Let the public shaming continue. We have noted several instances of judges using public shaming as a way to punish those convicted of various crimes. One of the most startling was the thief in Texas sentenced to stand outside the local mall holding a sign detailing his crimes, every weekend, for six years. Our country used to use the public stockade to shame criminals. Now it's billboards, police websites and everyone's favorite: Facebook.
The town of Huntington Beach is struggling with a major drunk driving problem. The Los Angeles Times reports that in 2009 there were 1,687 drunk-driving arrests;one of the highest rates for a city that size in California. The police are looking to get tough and crack down, but not just with the usual road-block/checkpoint tools.
Councilman Devin Dwyer has suggested the police consider posting the names of people arrested for drunk driving on the city's Facebook page, because the local newspaper has stopped publishing the listings, reports The Times. "I didn't think public shaming for driving under the influence was such a bad idea," Dwyer told The Times. "I would use any tool necessary to bring down the numbers of drunk drivers."
However, there is a small difference in the Huntington Beach proposal to post the DUI names on Facebook than in some of the other public shaming stories that have been discussed.
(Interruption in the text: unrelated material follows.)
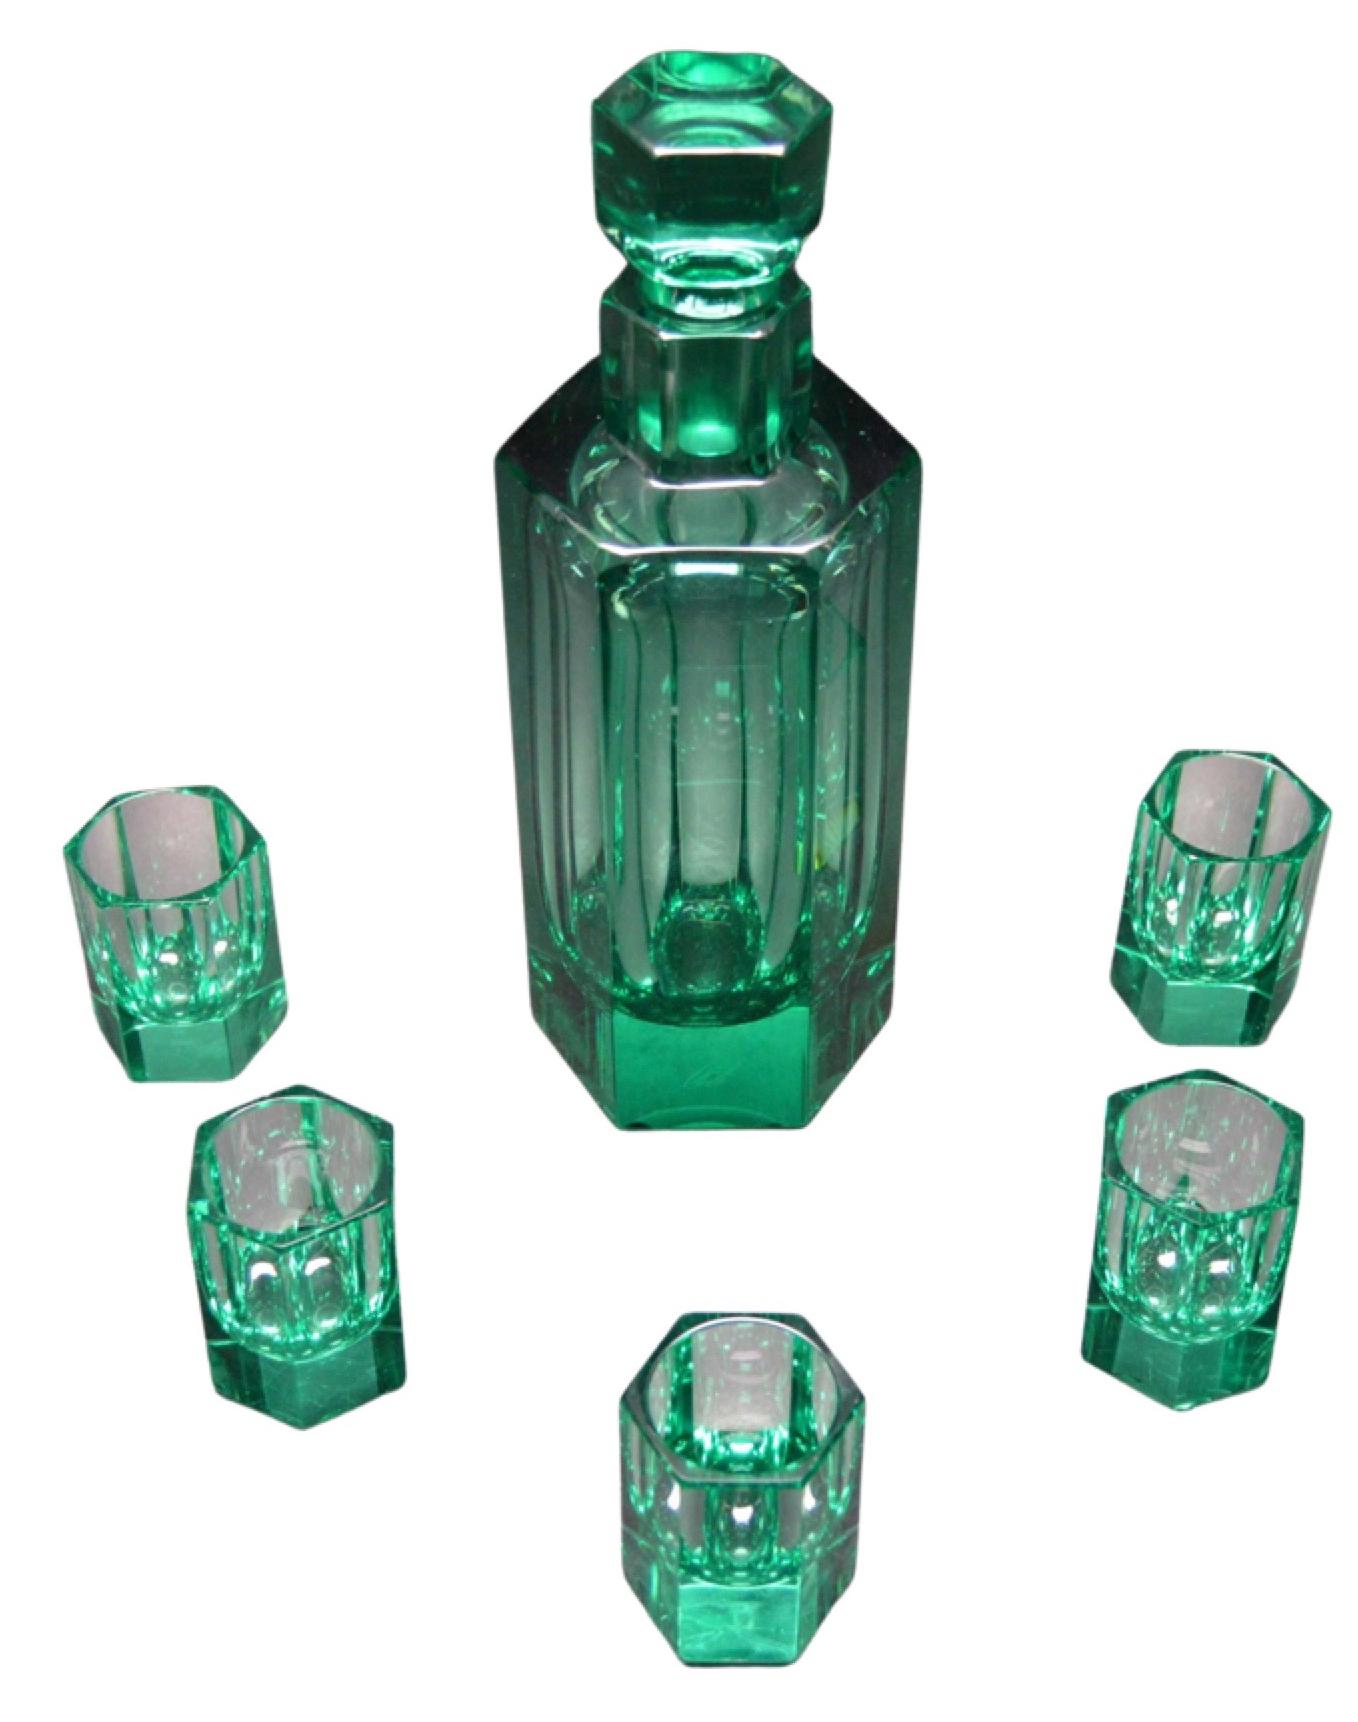 Moser Glas Art Deco Tschechische seltene grüne Dekanter Set. Der Dekanter ist mit Moser Carlsbad gekennzeichnet. Die Farbe ist unglaublich, niemand kann Farben wie Moser machen, willkommen in der Smaragdstadt, auch die Verarbeitung und das Gewicht

In this case, the town is considering printing names of those only suspected of drunk driving, no convictions have yet been made. TechPresident.com spotted this issue as well when it examined the backstory on why the paper had stopped publishing the names. The paper explained in an editorial, "The people on the list have been arrested but not convicted of anything. If any of them is later cleared of the offense, his or her name will still be readily available on a Google search, which poses a problem for background checks."
Not to mention the whole "innocent until proven guilty" thing.
According to The Times, Lt. Russell Reinhart of the Huntington Beach Police Dept. is going to have city attorney Jennifer McGrath review the whole proposal to post the DUI names on Facebook, just to ensure it is kosher, legally speaking.
Problem is, McGrath could find herself at the top of the list. Ms. McGrath pleaded guilty to a DUI after being stopped in 2005 for driving on the wrong side of Main Street, not far from City Hall. What do you think she's gonna say?